Item 1.01 Entry into a Material Definitive Agreement.
Agreement and Plan of Merger
On April 26, 2022, Caladrius Biosciences, Inc. ( “Caladrius”), CS Cedar Merger Sub, Inc., a Delaware corporation and wholly owned subsidiary of Caladrius (“Merger Sub”), and Cend Therapeutics, Inc., a Delaware corporation (“Cend”), entered into an Agreement and Plan of Merger and Reorganization (the “Merger Agreement”), pursuant to which, among other matters, and subject to the satisfaction or waiver of the conditions set forth in the Merger Agreement, Merger Sub will merge with and into Cend, with Cend continuing as a wholly owned subsidiary of Caladrius and the surviving corporation of the merger (the “Merger”). The Merger is intended to qualify for federal income tax purposes as a tax-free reorganization under the provisions of Section 368(a) of the Internal Revenue Code of 1986, as amended.
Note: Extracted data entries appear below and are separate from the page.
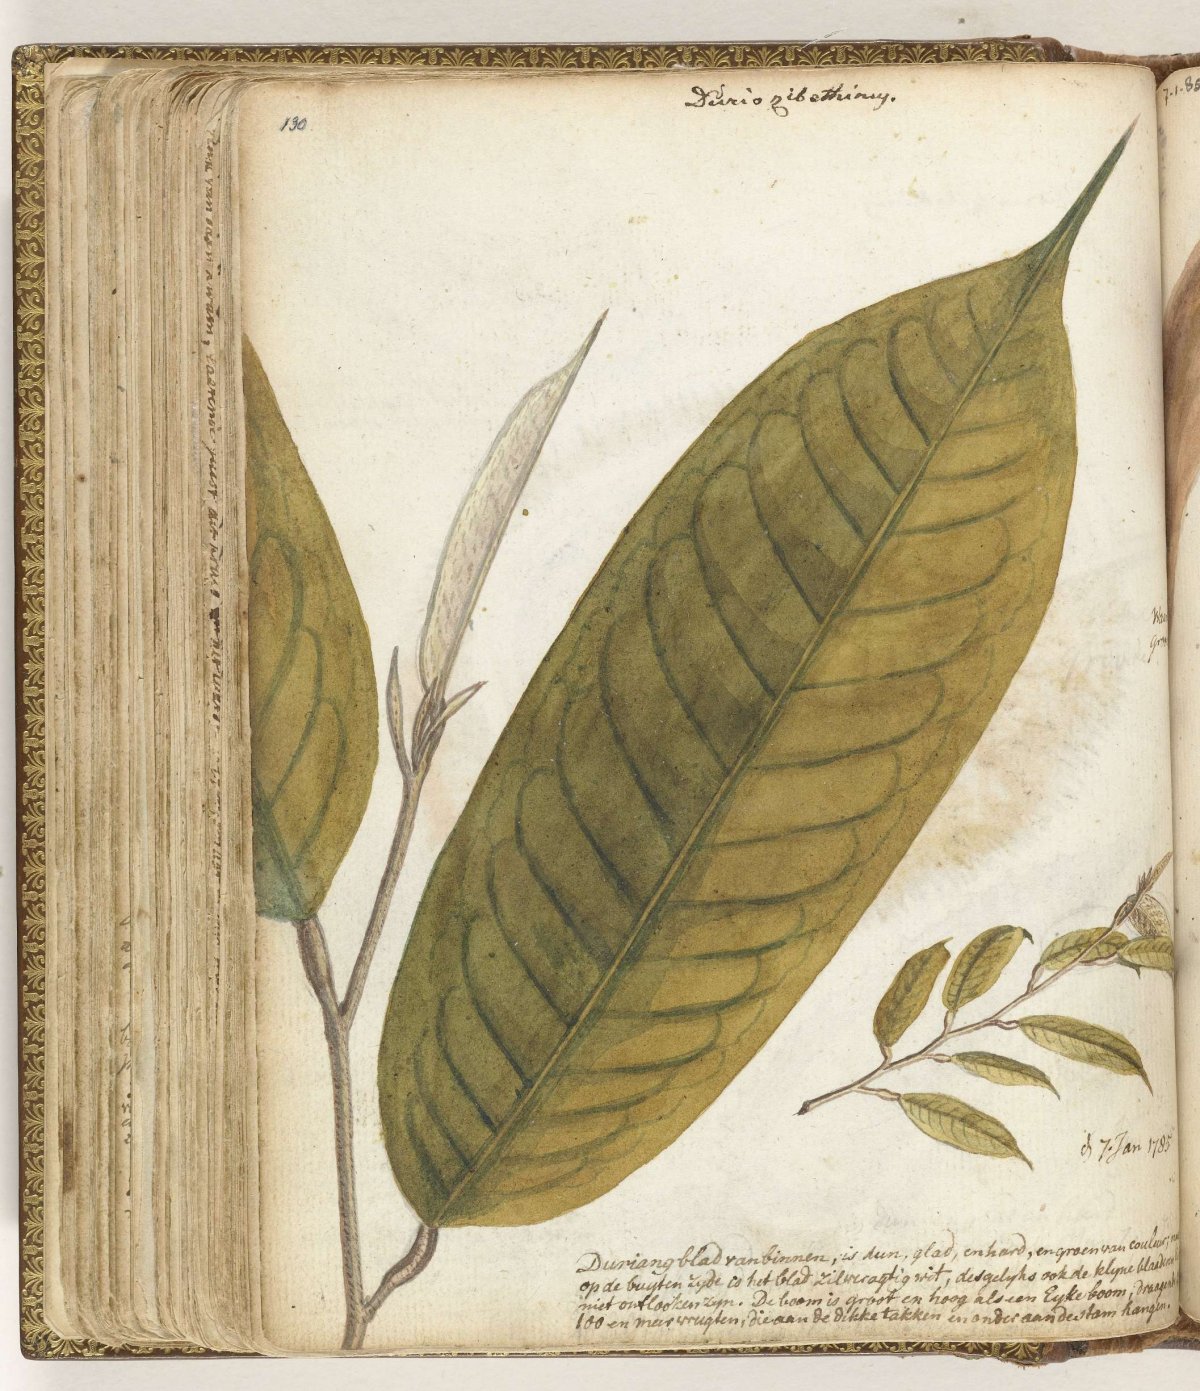 Durianblad, Jan Brandes, 1785
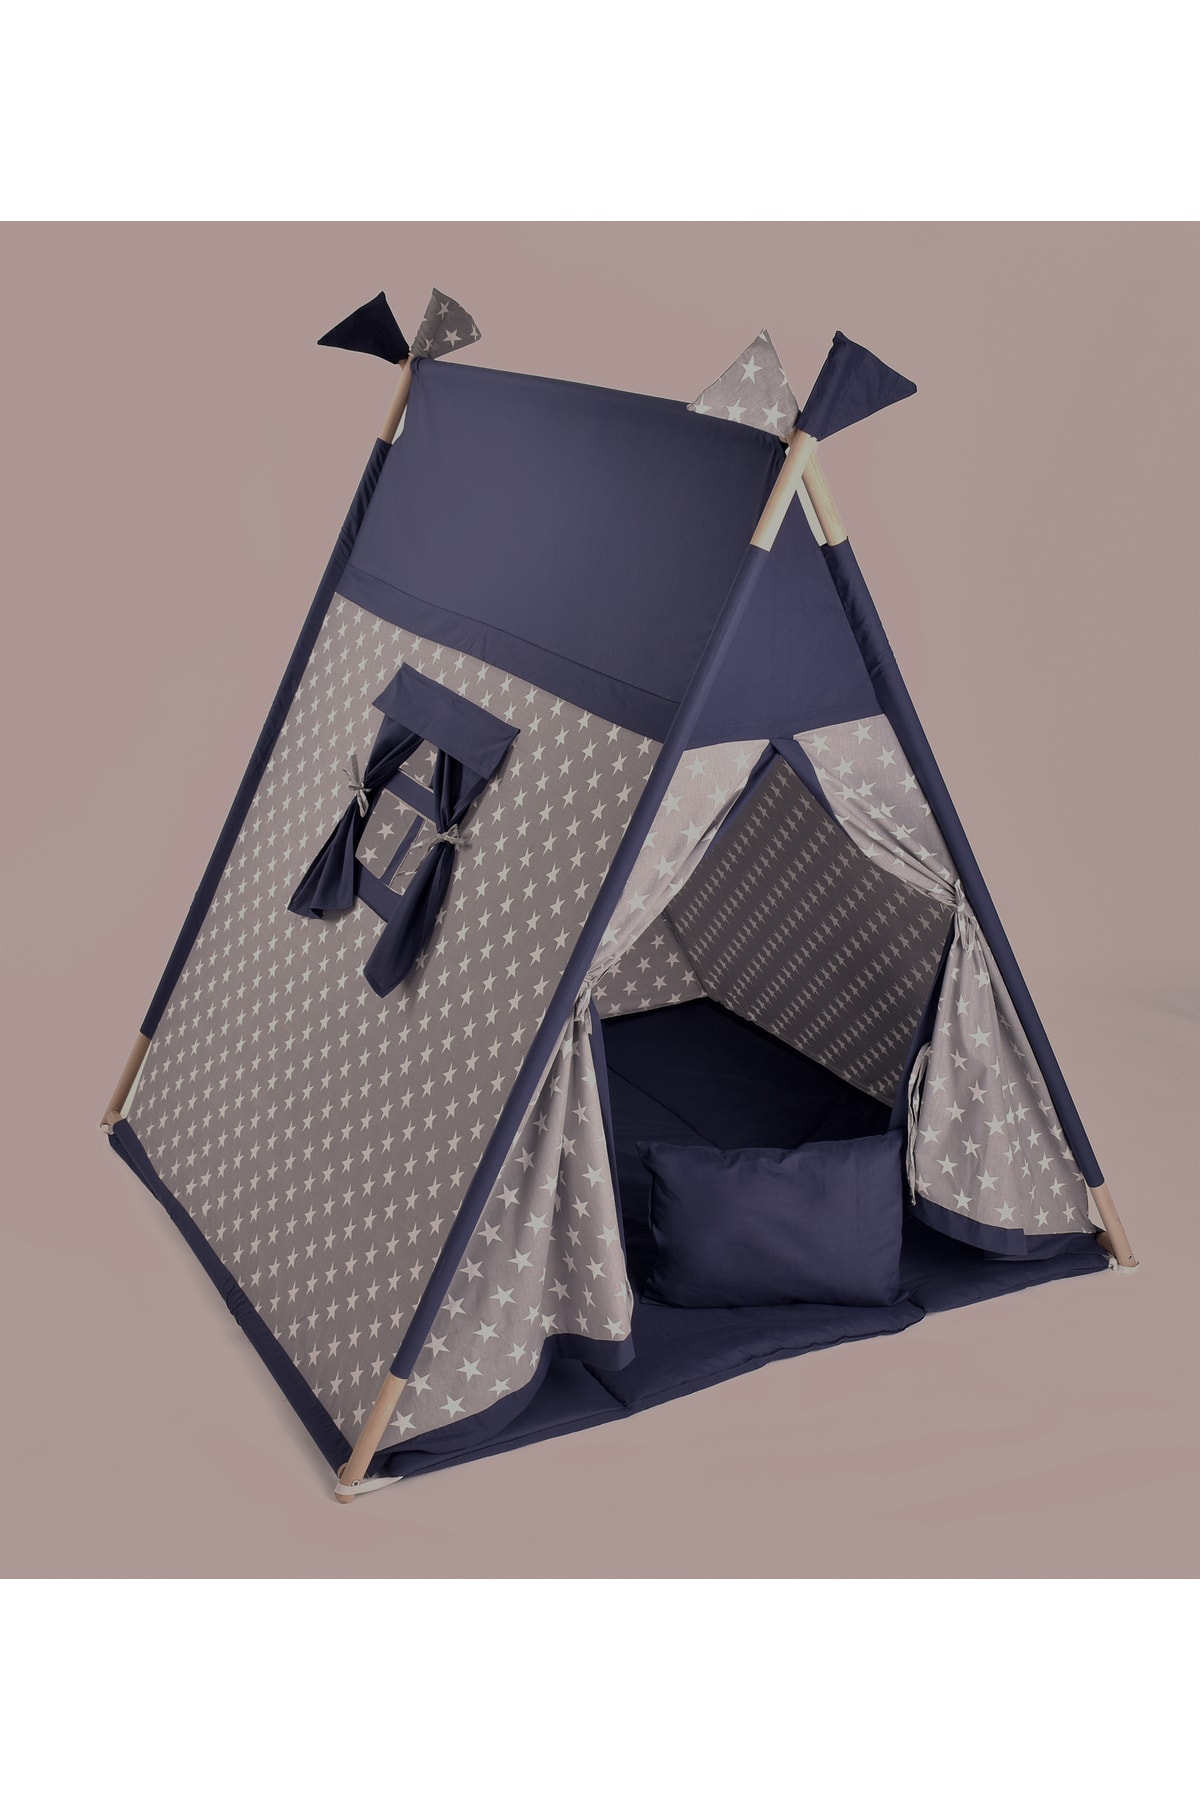 Altev Pirizmatik Ahşap Çoçuk Çadırı Kızılderili Çadırı Oyun Evi Oyun Çadırı Kamp Çadırı Minderli
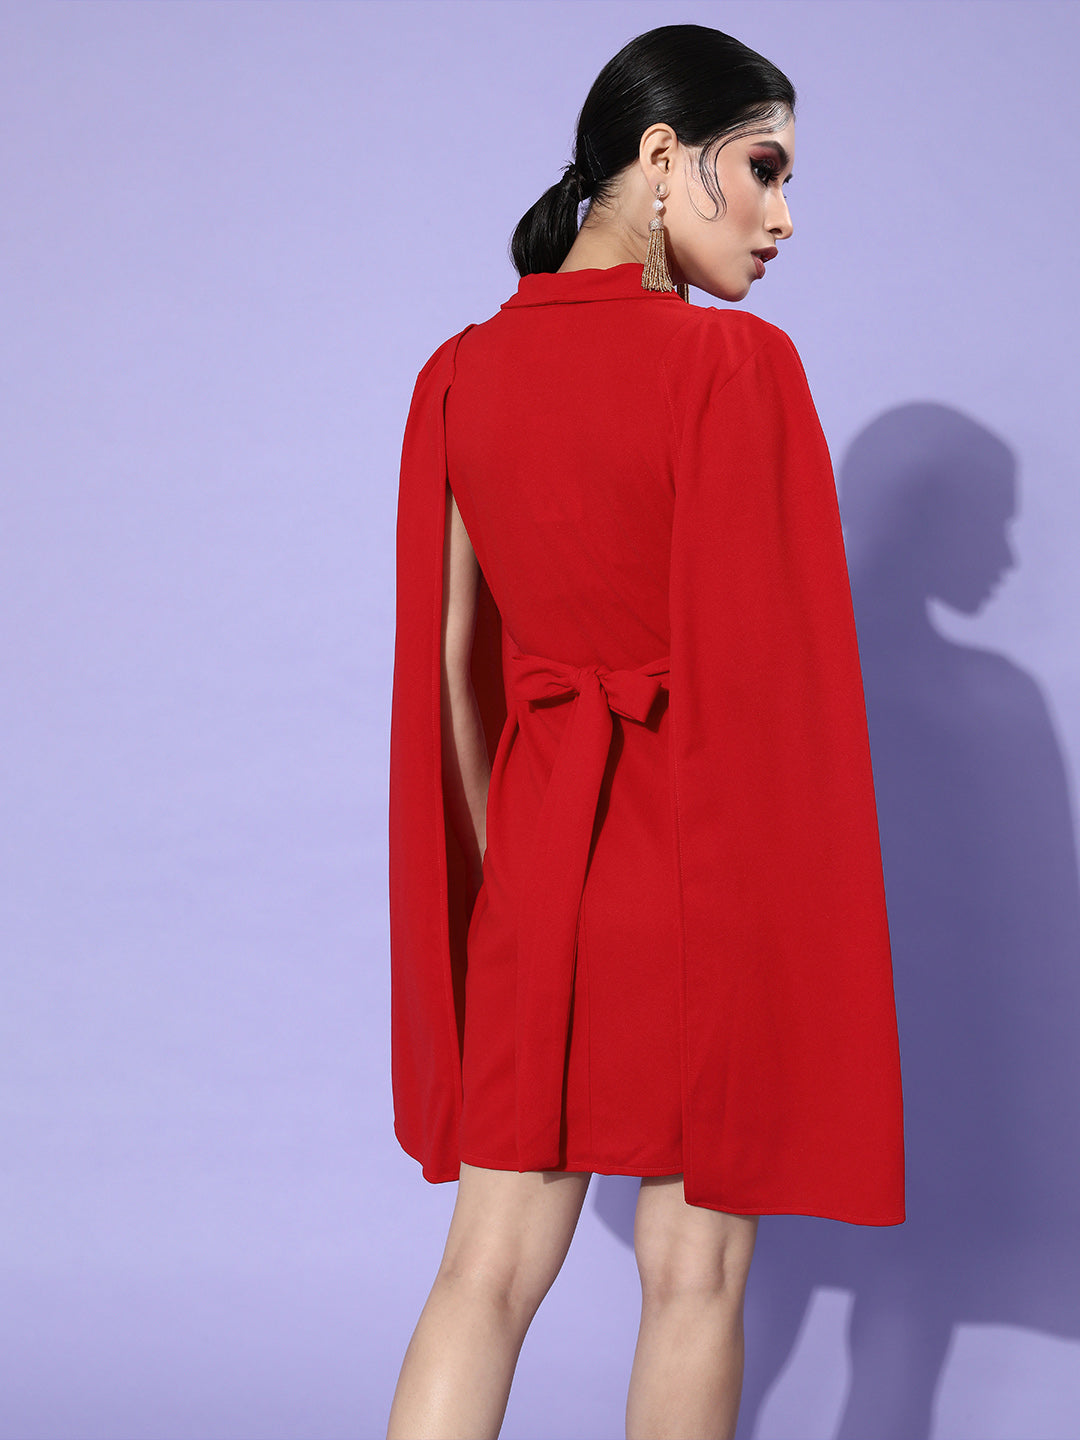 Athena Red Scuba Blazer Dress - Athena Lifestyle

Subject to the terms and conditions of the Merger Agreement, at the closing of the Merger, (a) each outstanding share of Cend common stock and Cend preferred stock will be converted into the right to receive a number of shares of Caladrius common stock (“Caladrius Common Stock”) equal to the exchange ratio described below; and (b) each outstanding Cend stock option that has not previously been exercised prior to the closing of the Merger will be assumed by Caladrius.
Under the exchange ratio formula in the Merger Agreement, as of immediately after the Merger, the former Cend stockholders are expected to own approximately 50% of the outstanding shares of Caladrius Common Stock and stockholders of Caladrius as of immediately prior to the Merger are expected to own approximately 50% of the outstanding shares of Caladrius Common Stock. The actual allocation will be subject to adjustment based on Caladrius’ net cash balance at the time of closing and the amount of any transaction expenses of Cend in excess of $250,000 at the time of closing.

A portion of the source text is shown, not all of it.